We finally do get water when a person at our table does the big arm in the air hail a taxi wave (the more subtle earlier attempts of imploring eye contact had failed miserably), and the server sort of almost says sorry for forgetting, but not quite. As for the wave part, I missed this so it's hearsay but another person at the table insists the waitress did a "do I know him, is he trying to pick me up?" look before realizing the sort of business relationship we all had going. At this point several of our cocktails were at pessimist's level--that is, you could only say they were three-quarters empty and not a quarter full--but she took no note of that, or did and chose to ignore our approaching dryness, but such active negligence would imply too much of a connection to us and her job. She did look fabulous, though--there is a premium on that at Mike Harkey.

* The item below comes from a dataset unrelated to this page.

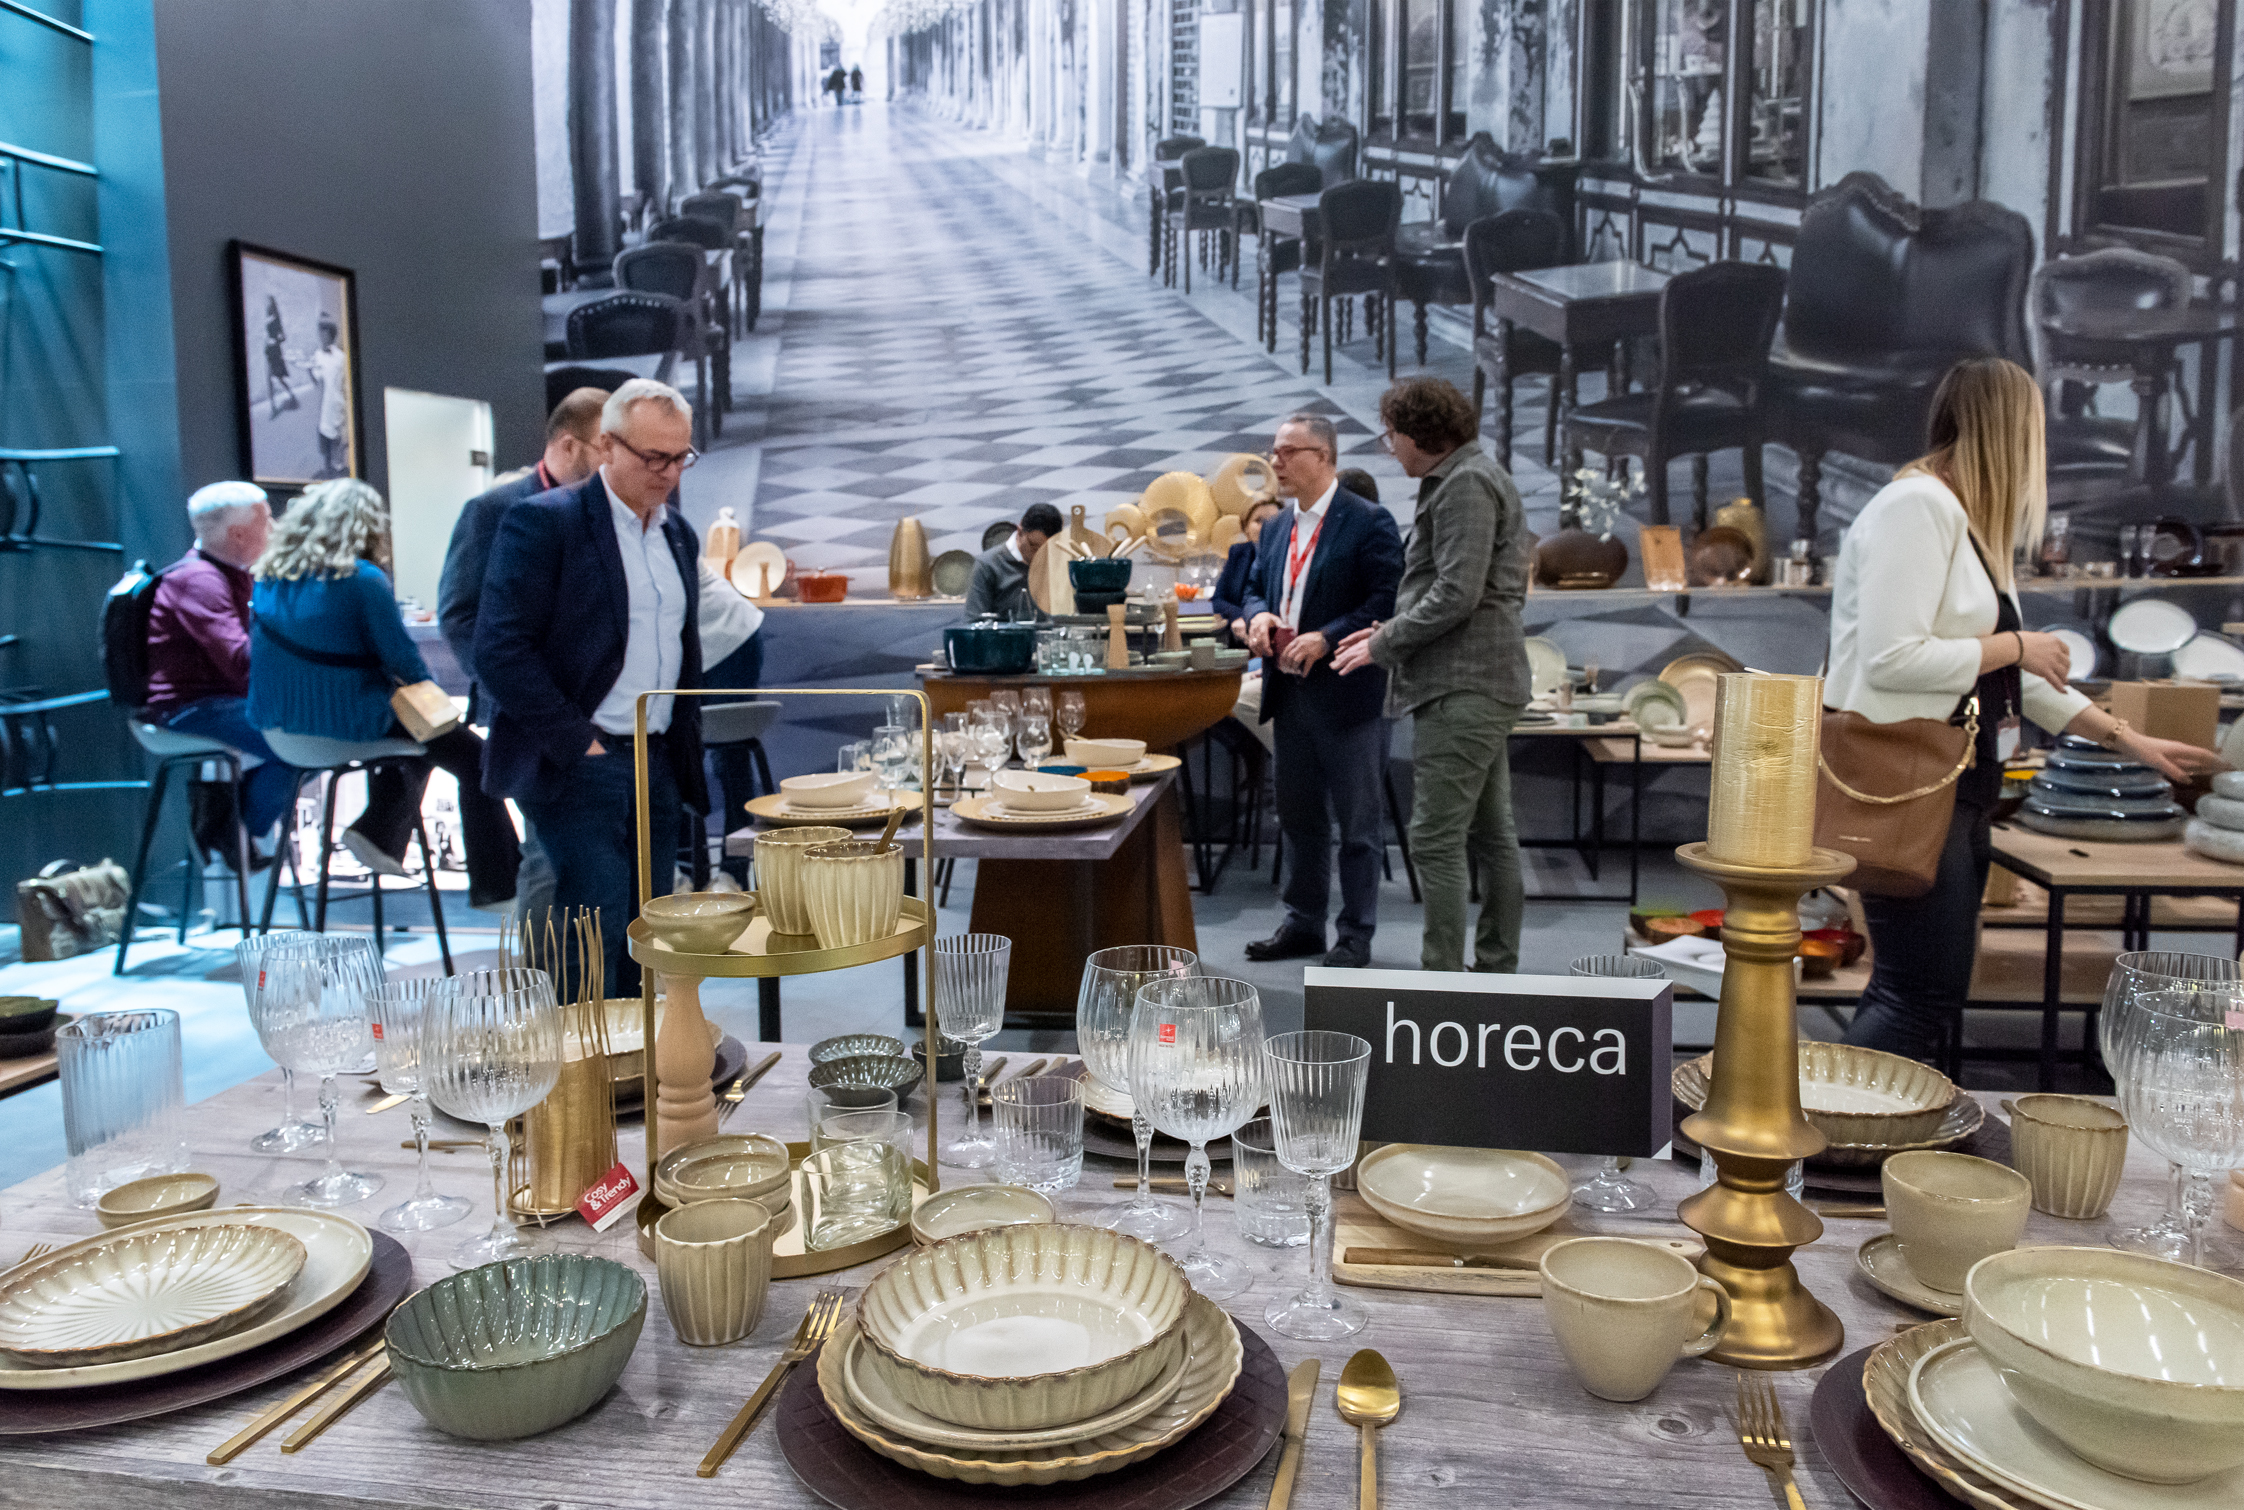 The Special Interest HoReCa offers the hospitality industry a tailor-made fringe programme in the HoReCa Academy at Ambiente 2024.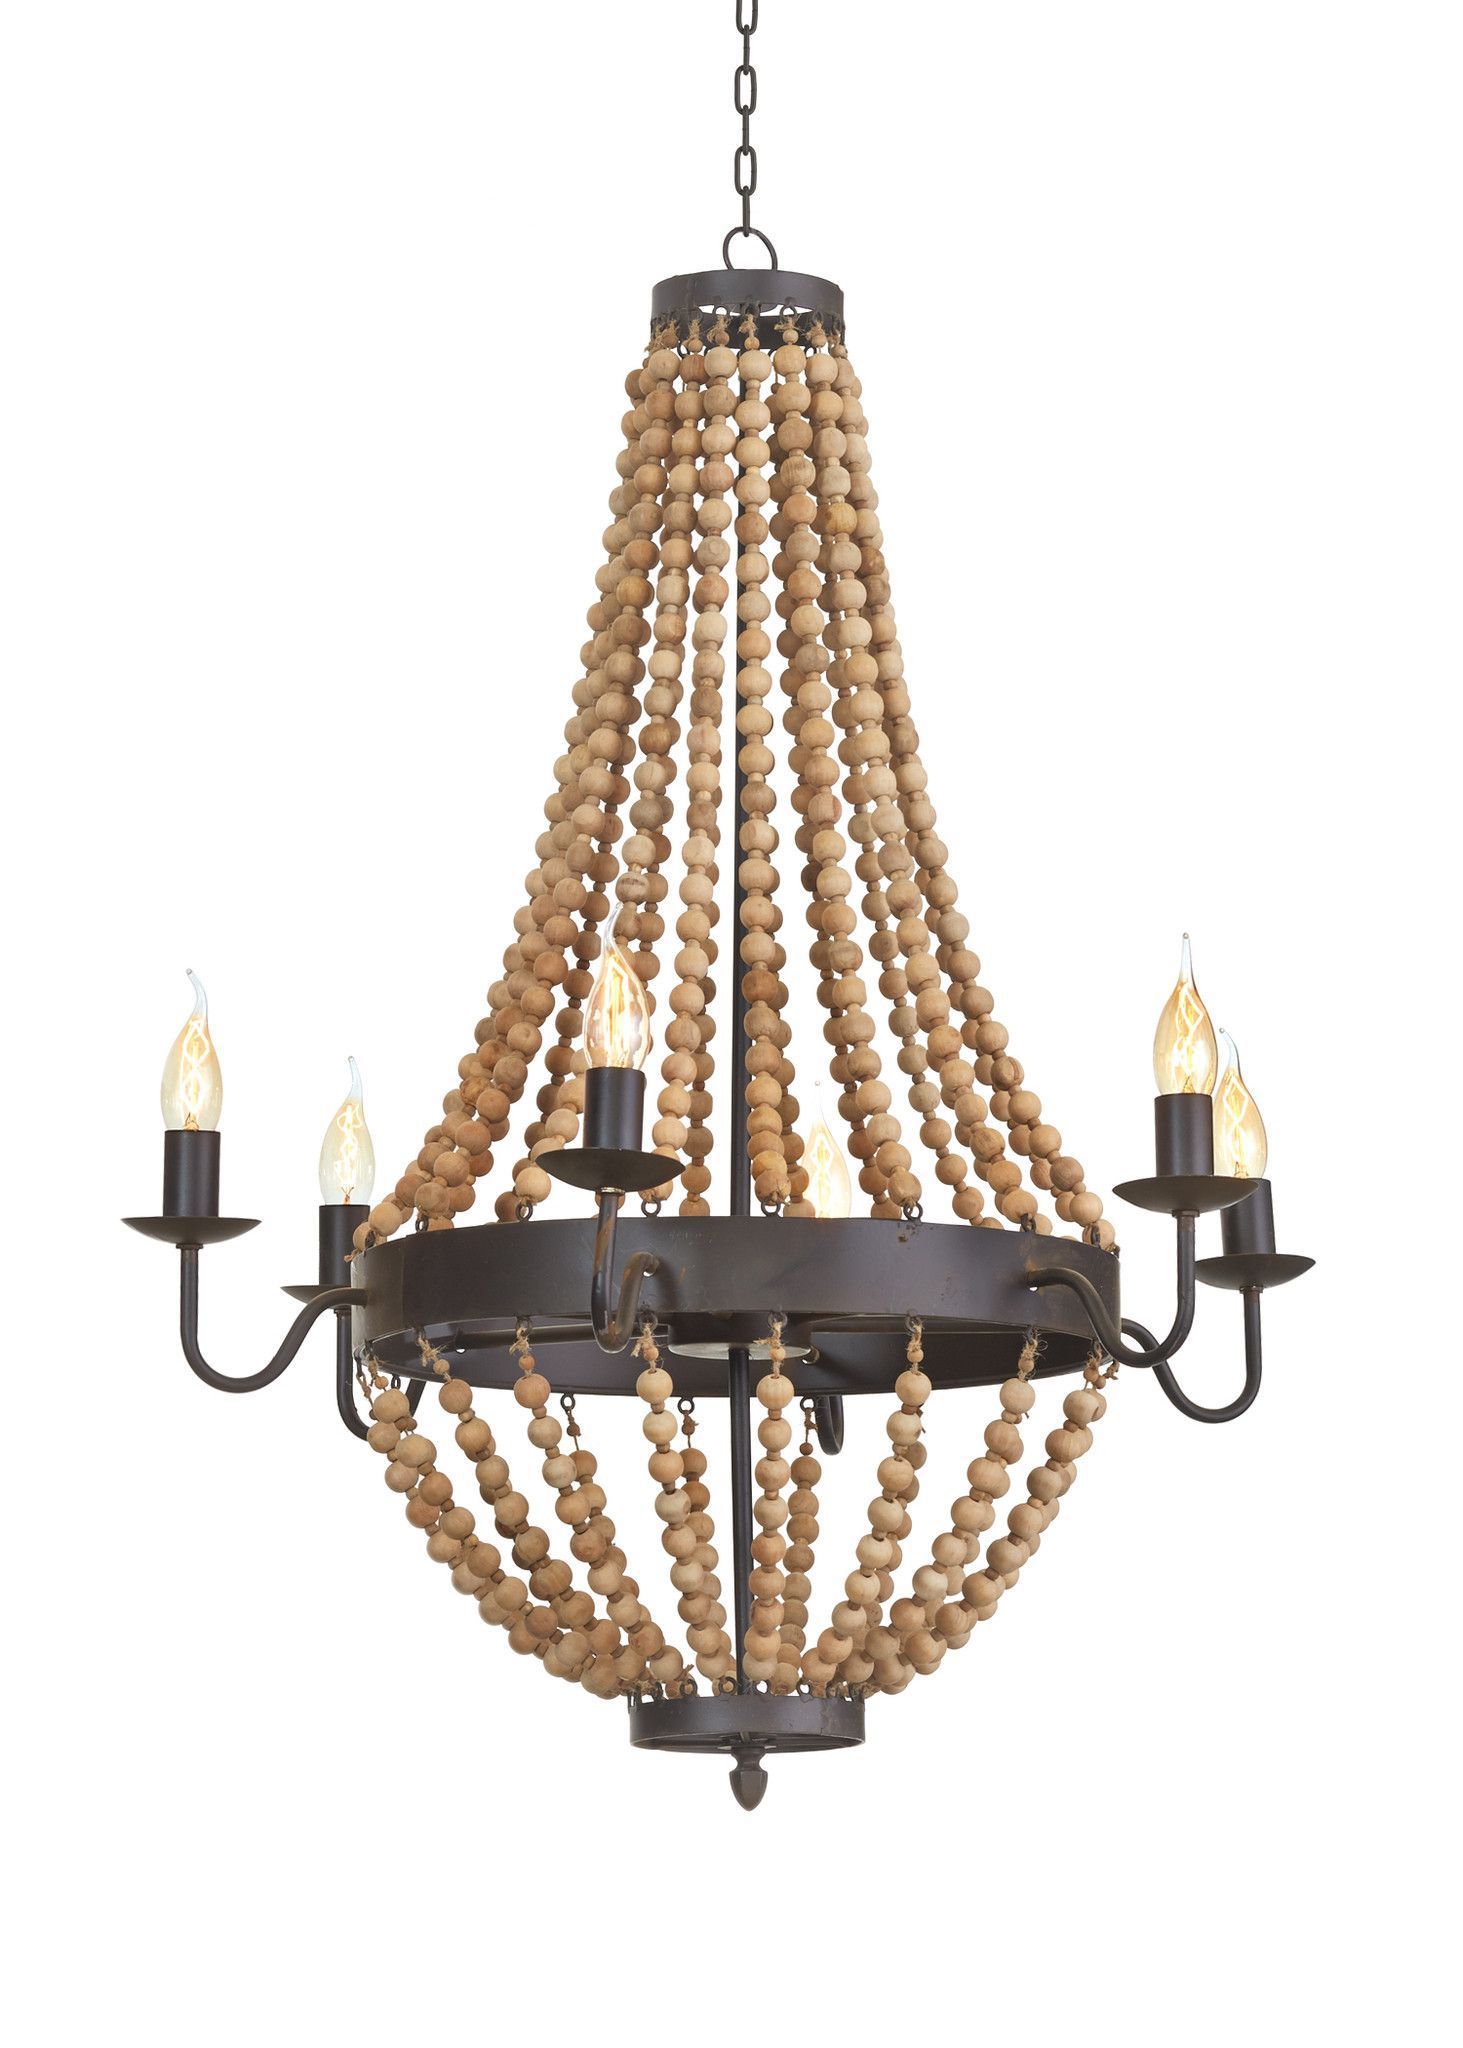 Vintage Wood Bead Chandelier | Home Styling | Wood Bead In Duron 5 Light Empire Chandeliers (View 28 of 30)

Then, for a bit after the lone libation lover at the bar left and our table was the only one occupied, all 3 staff disappeared. This should feel good, to have a spot all to one's selves, but it's actually sort of disconcerting, like you'll need to do dishes and lock up or something.

Turns out we were at Mike Harkey for well over an hour, and easily a third of that was with dry glasses, but I guess it's doing so well they don't even need to ask people if they want a second. And we all walked, so it wasn't like they were saving us from DUIs, not that they had any idea how we got there, or really, it seemed, cared we were there. I had to approach the bar to ask for our check, $50 for 4 drinks, so one hopes we were paying for something more than the liquid itself.

Sometimes it's fun to remember that tipping is optional.

*First, grant me my Pozterisk, but naming this place after a tantalizing but ultimately unfulfilling first round draft pick is actually surprisingly apt, for Harkey seemed like he'd be good--he even finished fifth in the 1990 NL Rookie of the Year balloting--but injuries, a low strike out rate, and a high walk rate all did him in. Still, I remember to this day one friend hurling amazingly profane strings of insults at Harkey as he single-handedly destroyed one of my friend's fantasy baseball seasons, back in the days before the internet and we actually met every week with our USA Todays so we could do the league stats by hand. My how the world has changed.